The Long Island housing market slogged through another disappointing month in December, capping off a year of transition for the residential real estate industry. 

As had been the case for most of 2022, home sales slowed, and home prices continued to retreat again last month. 

There were 1,583 Long Island homes contracted for sale in December, down 14 percent from the 1,846 pending sales of the previous month and a drop of 34.4 percent from the 2,414 homes that were contracted for sale in Dec. 2021, according to preliminary numbers from OneKey MLS. 
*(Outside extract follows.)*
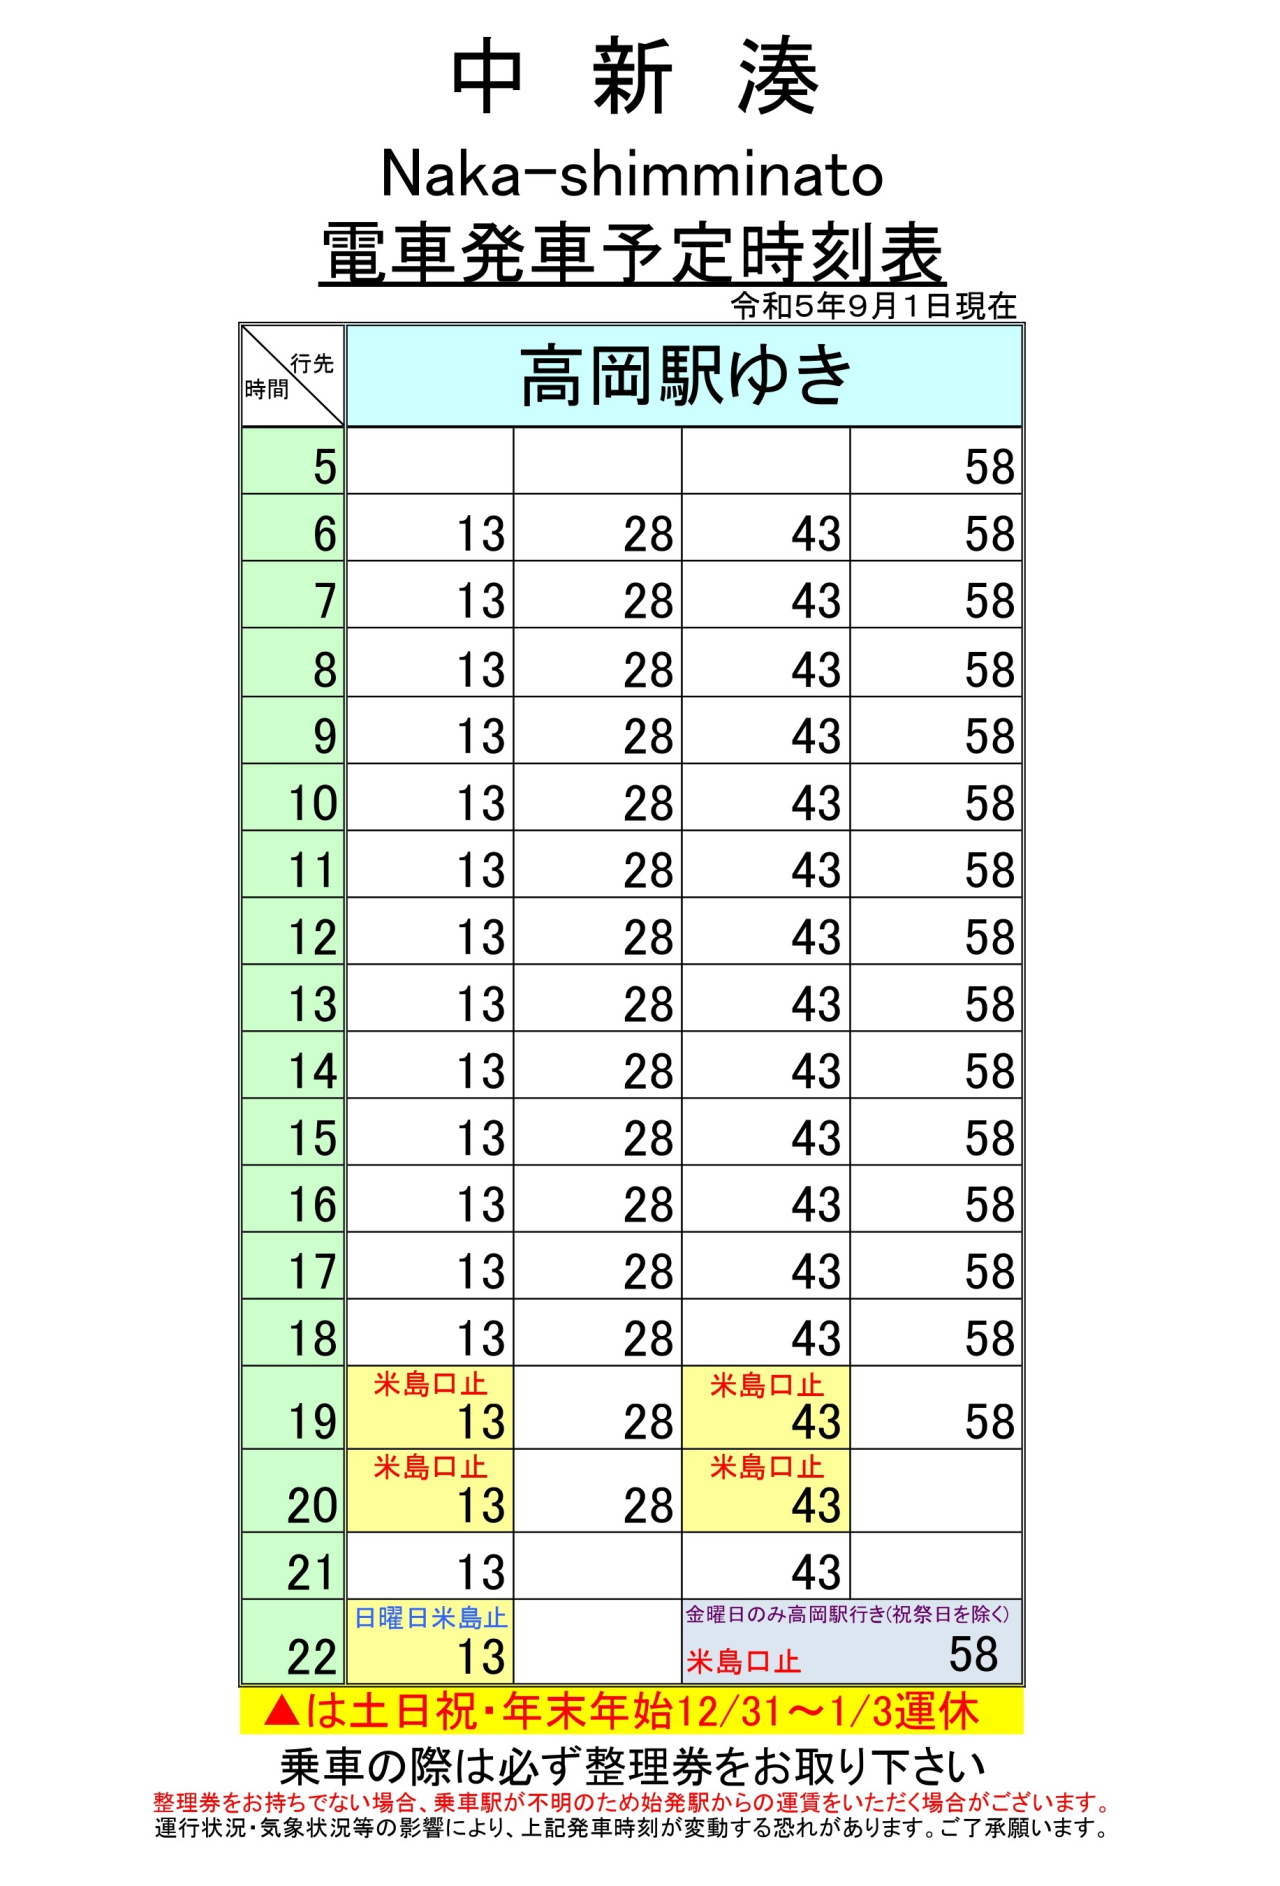 最新5.5.1改正各駅時刻表(中新湊上り)_page-0001 (1)

The number of Long Island home sales in December was the lowest number of December home sales in the last nine years. 

Home sales on Long Island have seen year-over-year declines since the overheated pandemic market began to cool in the second half of 2021. There were 28,214 homes contracted for sale in Nassau and Suffolk counties in 2022, a nearly 21.5 percent drop from the 36,065 pending sales in 2021. 

The meteoric rise in Long Island home prices that was propelled by the pandemic-fueled buying frenzy has come back down to earth. The median price of closed home sales in Nassau last month was $652,500, down from $668,000 the previous month and the lowest median price since last March. 

In Suffolk, the median price of closed home sales in December held steady at $545,000, the same as the previous month, and the lowest median price since April’s median of $540,000. 

While prices have been sliding back, they remain higher than a year ago, if just barely. Nassau’s median price of closed home sales last month was just 1.2 percent higher than the $645,000 median recorded in Dec. 2021. Suffolk’s median price of closed home sales last month was 3.8 percent higher than the $525,000 median recorded in Dec. 2021. 

While current mortgage rates are averaging about 6.5 percent for a 30-year fixed loan and nearly double what they were a year ago, they haven’t caused big drops in home prices because of the still-low inventory of homes for sale here. 

There were 5,154 homes listed for sale with OneKey MLS—2,374 in Nassau and 2,780 in Suffolk—as of Thursday, which is down 14.4 percent from the 6,025 homes that were listed for sale at the end of November. But the current inventory is also 17.3 percent higher than the 4,394 homes that were listed for sale at the end of Dec. 2021. 

In 2023, we expect a more normally paced market without the buying frenzy prompted by the pandemic and rock-bottom mortgage rates of the previous two years,” Deirdre O’Connell, CEO of Daniel Gale Sotheby’s International Realty, said when asked about her outlook for the coming year. “With many homeowners locked into very low-rate mortgages, many are not in a rush to move, which is adding to the limited number of available homes on the market.”